Amortization of Research and Experimental Expenditures: The new law requires businesses to capitalize and amortize ratably over a five-year period amounts defined as specified research or experimental expenditures. Specified research or experimental expenditures that are attributable to research that is conducted outside the US must be capitalized ratably over a 15-year period.

Year of Inclusion: The TCJA requires accrual-method taxpayers subject to the all-events test to recognize items of gross income for tax purposes in the year in which they recognize the income on their applicable financial statement. The new law provides an exception for taxpayers without an applicable or other IRS-specified financial statement.

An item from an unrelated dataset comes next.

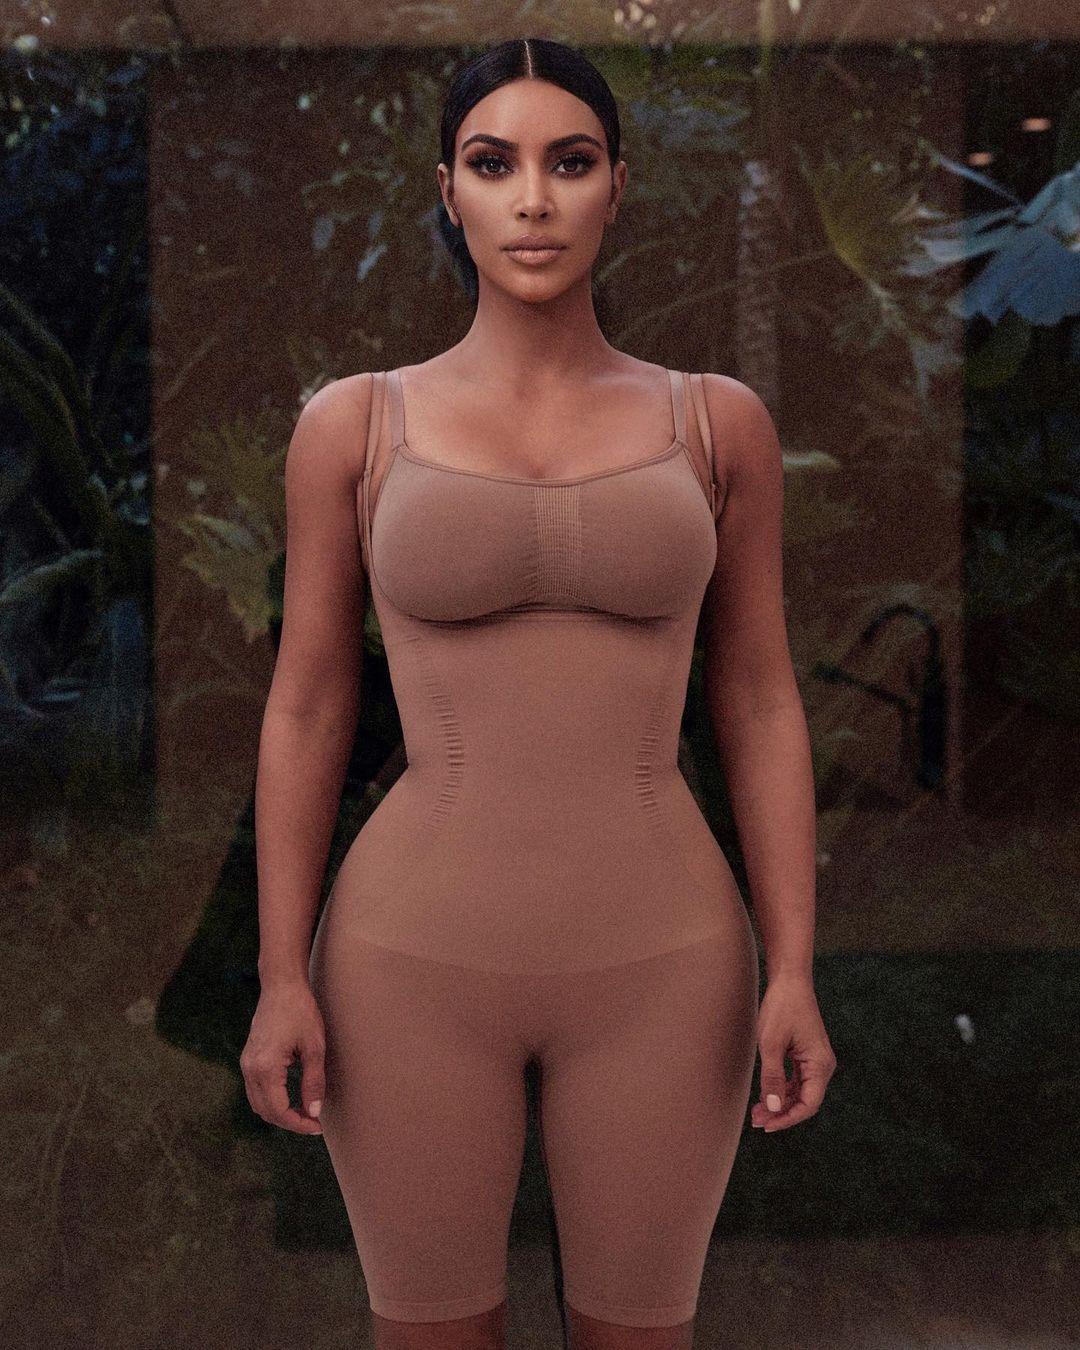 Kim Kardashian nổi tiếng với vóc dáng 'đồng hồ cát' nhờ việc diện những bộ đồ lót định hình bên trong trang phục.
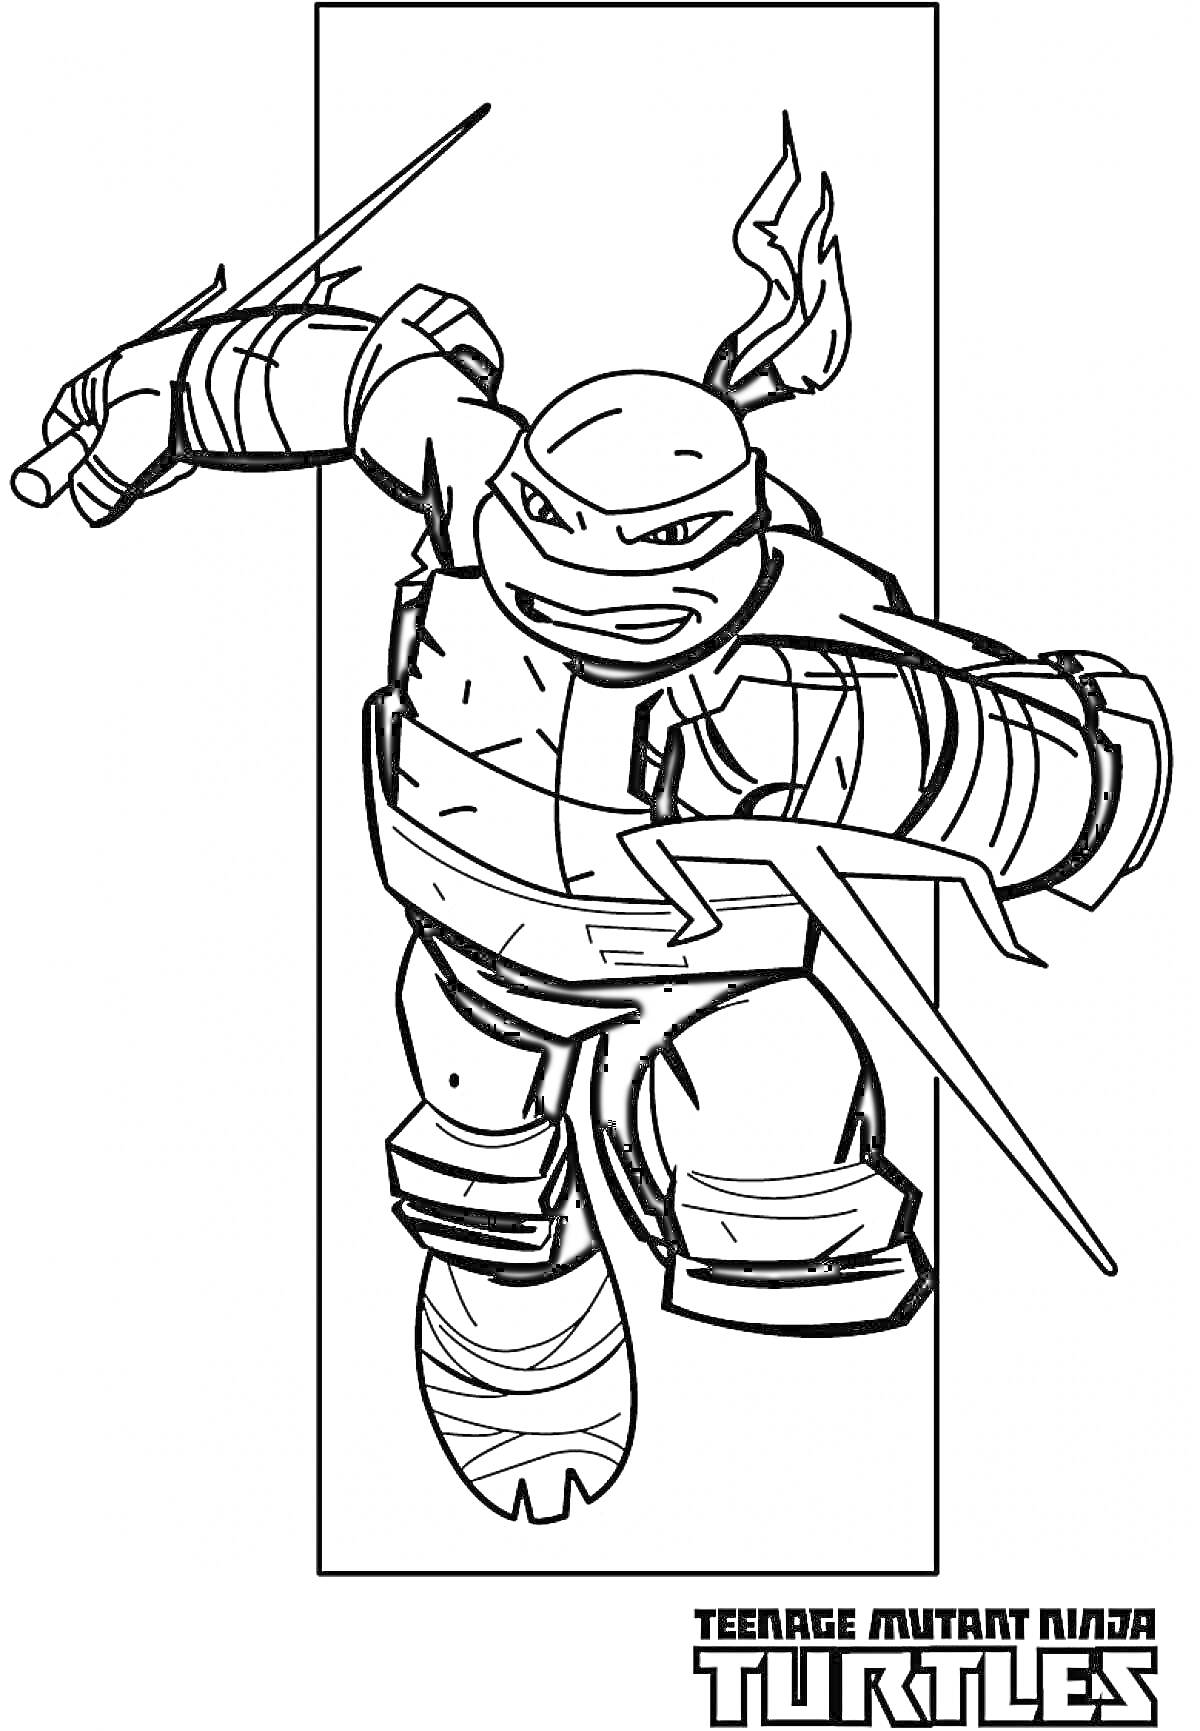 Черепашка-ниндзя с мечами и текстом Teenage Mutant Ninja Turtles

Compensation for Covered Employees: The TCJA revises the definition of a covered employee under § 162(m) of the Code to include both the principle executive officer and the principle financial officer, and reduces the number of other officers included to the three most highly compensated officers for the tax year. If the individual is a covered employee for any tax year after 2016, that individual will remain a covered employee for all future years. The new law also removes current exceptions for commissions and performance-based compensation. The new law does not apply to any remuneration under a written contract that was in effect on November 2, 2017, and that was not later modified in any material respect.


Territorial Taxation System: The TCJA shifts to the territorial tax system, which imposes US tax on domestic income. This is opposed to the old, worldwide system, where the US taxed income earned from both foreign and domestic sources.

Foreign-Source Income: The new law allows an exemption for certain foreign income by means of a 100% deduction for the foreign-source portion of dividends received from specified 10% owned foreign corporations by domestic corporations.

Foreign Tax Credit: No foreign tax credit or deduction will be allowed for any taxes paid or accrued with respect to a dividend that qualifies for the deduction.